I apologize if this question seems redundant, but I am beginning to play around with R and its SNA tools for a class and have been running a couple of different tutorials/labs to get accustomed. A resource that always gets recommended are the SNA labs over at Stanford, but even just running the introductory lab returns a number of errors that leave me confused. The full R code with annotations is available here:

http://sna.stanford.edu/lab.php?l=1

The first parts are fairly straight-forward and I understand most of what's going on.But once I try adding vertex attributes to the graph (line 236 onwards), I encounter problems with the graph object "krack_full", that we just created. Running this... :

for (i in V(krack_full)) {
    for (j in names(attributes)) {
        krack_full <- set.vertex.attribute(krack_full, 
                                           j, 
                                           index = i, 
                                           attributes[i + 1, j])
    }
}

... returns this:

Error in set.vertex.attribute(krack_full, j, index = i, attributes[i +  : 
  unused argument (index = i)

So I think, fine, use the second method they outlined and just follow through:

attributes = cbind(1:length(attributes[,1]), attributes)
krack_full <- graph.data.frame(d = krack_full_nonzero_edges, 
+ vertices = attributes) 

Which seems to work fine - except that it literally creates an attribute called "(1:length(attributes[, 1])"...

> summary(krack_full)
IGRAPH DN-- 21 232 -- 
attr: name (v/c), 1:length(attributes[, 1]) (v/n), AGE (v/n), TENURE (v/n), LEVEL (v/n), DEPT
  (v/n), advice_tie (e/n), friendship_tie (e/n), reports_to_tie (e/n)

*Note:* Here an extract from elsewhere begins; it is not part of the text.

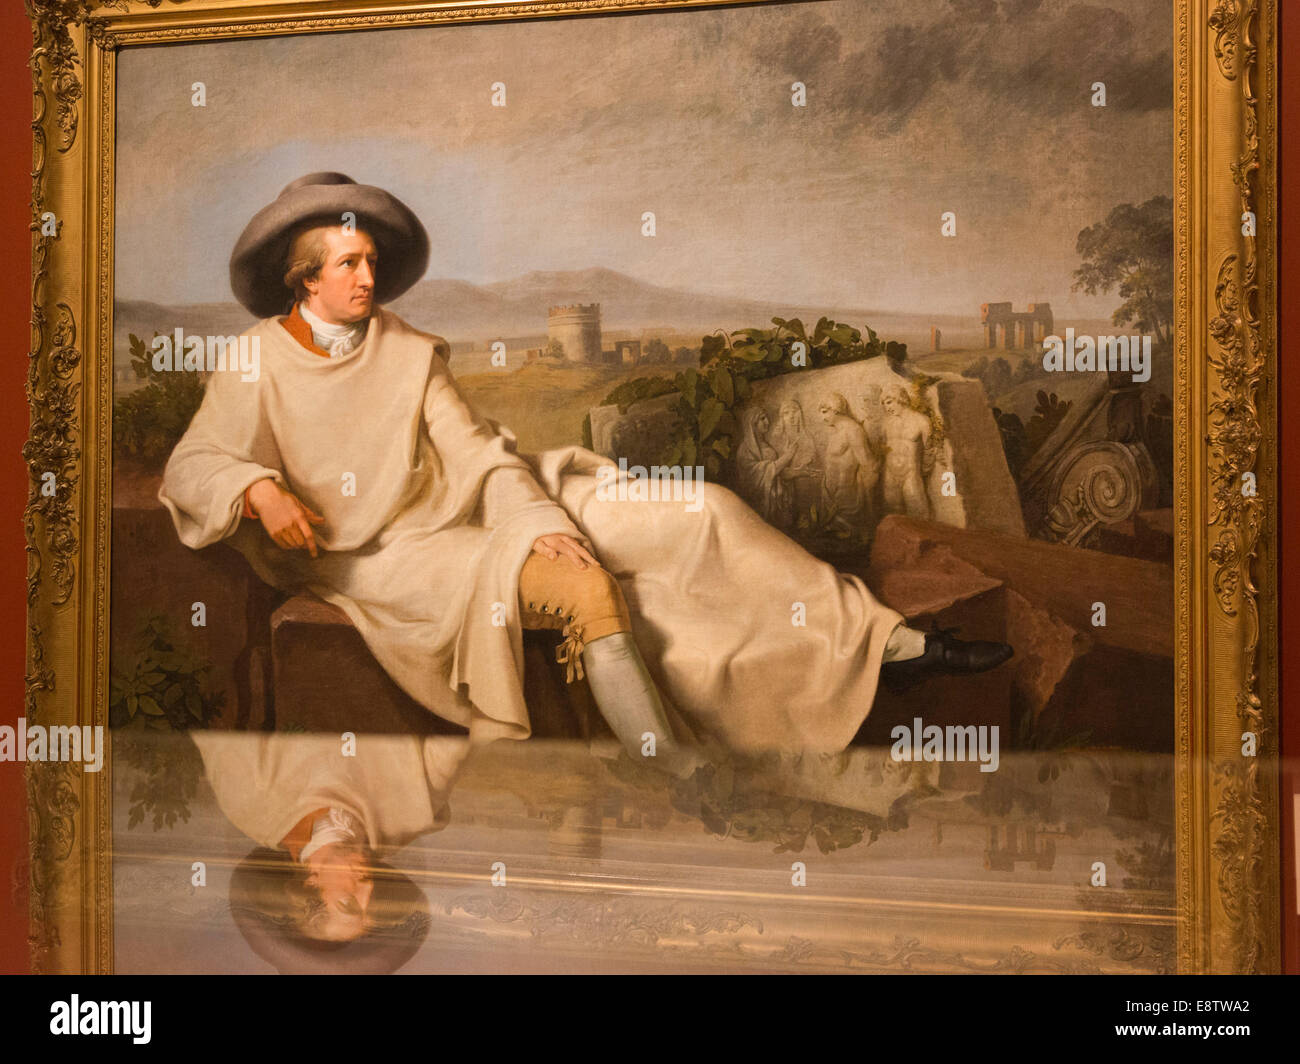 The exhibition 'Germany - Memories of a Nation' opens at the British Museum, London. Goethe in the Roman Campagna by Tischbein. Stock Photo

So, everything is acting weird already. And finally, when I try to get the vertex attributes in the next step, I encounter some errors regarding the object's class:

> get.vertex.attribute(krack_full, 'AGE')
Error in get.vertex.attribute(krack_full, "AGE") : 
  get.vertex.attribute requires an argument of class network.
> get.vertex.attribute(krack_full, 'TENURE')
Error in get.vertex.attribute(krack_full, "TENURE") : 
  get.vertex.attribute requires an argument of class network.
> get.vertex.attribute(krack_full, 'LEVEL')
Error in get.vertex.attribute(krack_full, "LEVEL") : 
  get.vertex.attribute requires an argument of class network.
> get.vertex.attribute(krack_full, 'DEPT')
Error in get.vertex.attribute(krack_full, "DEPT") : 
  get.vertex.attribute requires an argument of class network.

... From here on out pretty much nothing works the way I expected. So I suspect the graph object "krack_full" that the data was imported to is somehow not what it's supposed to be...?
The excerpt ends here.